For another example, look at historical photos of the Pekingese vs the Westminster winner from a few years ago. They've always been low to the ground and fluffy, but they used to be able to walk normally.


----------



## Beaches (Jan 25, 2014)

Gorgeous dog PB and a lovely family photo. Nice to put a face to your name, yes I realize it was a "couple of years" ago. Lol. Hugs.


----------



## MollyMuiMa (Oct 13, 2012)

I forget who wrote this, but I had it written down............

"A conformation dog show is not a comparison of each dog to another, but a comparison of each dog to a JUDGES mental image of the ideal breed type, as outlined in the individual breed's breed standard."

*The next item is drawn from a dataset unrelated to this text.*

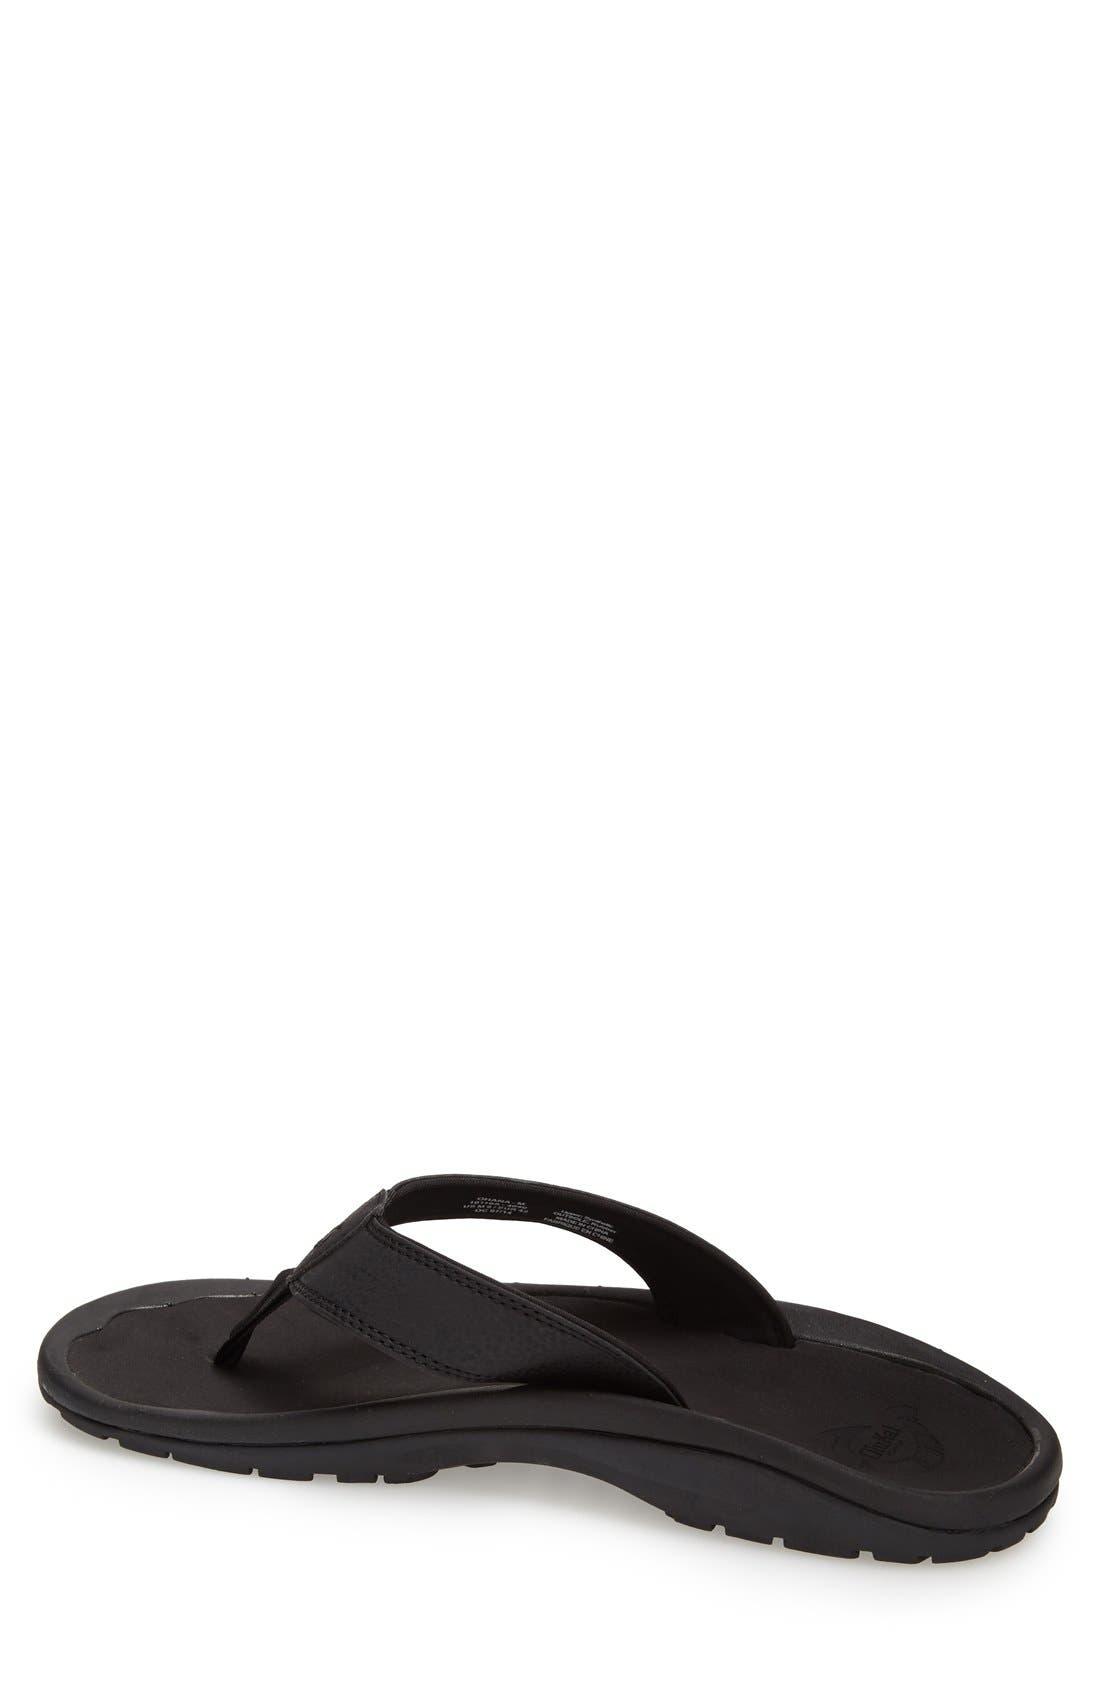 36df42818d1 OluKai Sandals   Shoes for Men

Too bad judges all seem to have a different way of understanding a breed standard..............JMO


----------



## ericwd9 (Jun 13, 2014)

Thin, long, elegant, high stepping legs and fine muzzles on spoos?

= ligament problems and teeth misalignment.

Eric


----------



## peccan (Aug 26, 2014)

Shamrockmommy said:


> In that time I've also noticed that bichons went from "1/3 longer than tall" (per the breed standard) to short-backed, long legged, slighter boned dogs. They are more poodly than bichonly!

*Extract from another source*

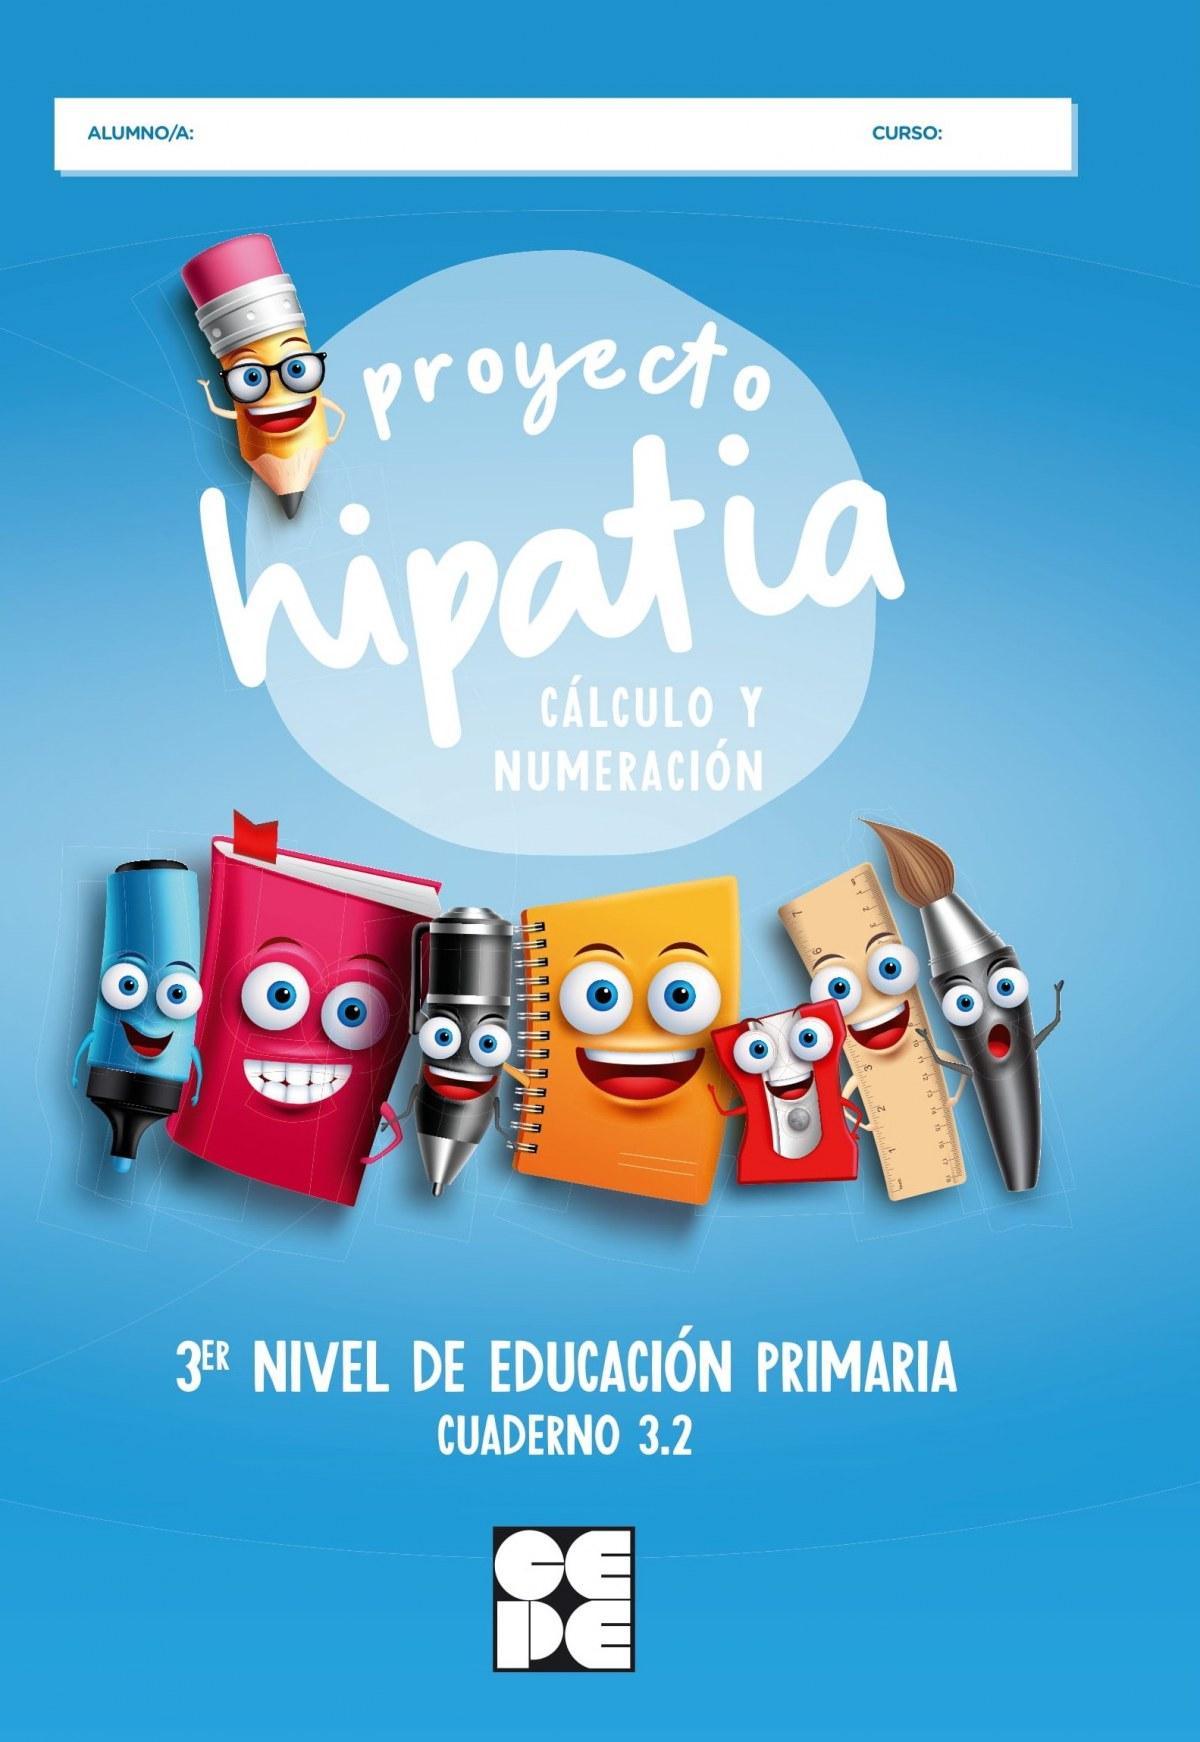 Proyecto Hipatia. Cálculo y Numeración 3.2

That's funny, up in here all the Bichons I see who are groomed show-worthy seem to be longer and longer each passing year, ... Bichon Frisé? More like Petit Basset Bichon Frisé... :rant:


----------



## Summerhouse (Jun 12, 2015)

On a breeders forum (all breeds) the bitch was discussed and they came to the conclusion that she was also in season which is why the male wasn't behaving well in the ring and why she looked uncomfortable.

They all agreed the judge was from "old" stock who wasn't inclined to change his ways or views on the breed.


----------



## fjm (Jun 4, 2010)

Pekes from 1964 - what a (horrible) difference 50 years can make!
Racing Pekes - British Pathé


----------



## Poodlebeguiled (May 27, 2013)

zooeysmom said:


> What a great dog and a great family shot! Your daughter is dressed how my sister and I were, so we must be around the same age




Thanks Zooeysmom...You're quite observant. My daughter is just about 36. He _was _an amazing dog...so sweet with people and especially loving and protective toward kids...any kids. We had some piglets raised by someone else on their property and we were visiting once with Ajax. (Pro: Ah-yax sort of) and the piglets got out of their area and started running off. Ajax, with no particular herding training ran after them, and shouldered them back toward and then into the fenced area. He was so smart and loyal. 

Beaches...yep, quite a few years ago. Oy! LOL. I sure don't look like that anymore. Scary!:afraid:


----------



## PoodleDreaming (Jun 10, 2015)

It seems to be mostly confirmation bred dogs that are being bred so extremely. 

Lots of the working shepherds I've seen and most of the whites look fine.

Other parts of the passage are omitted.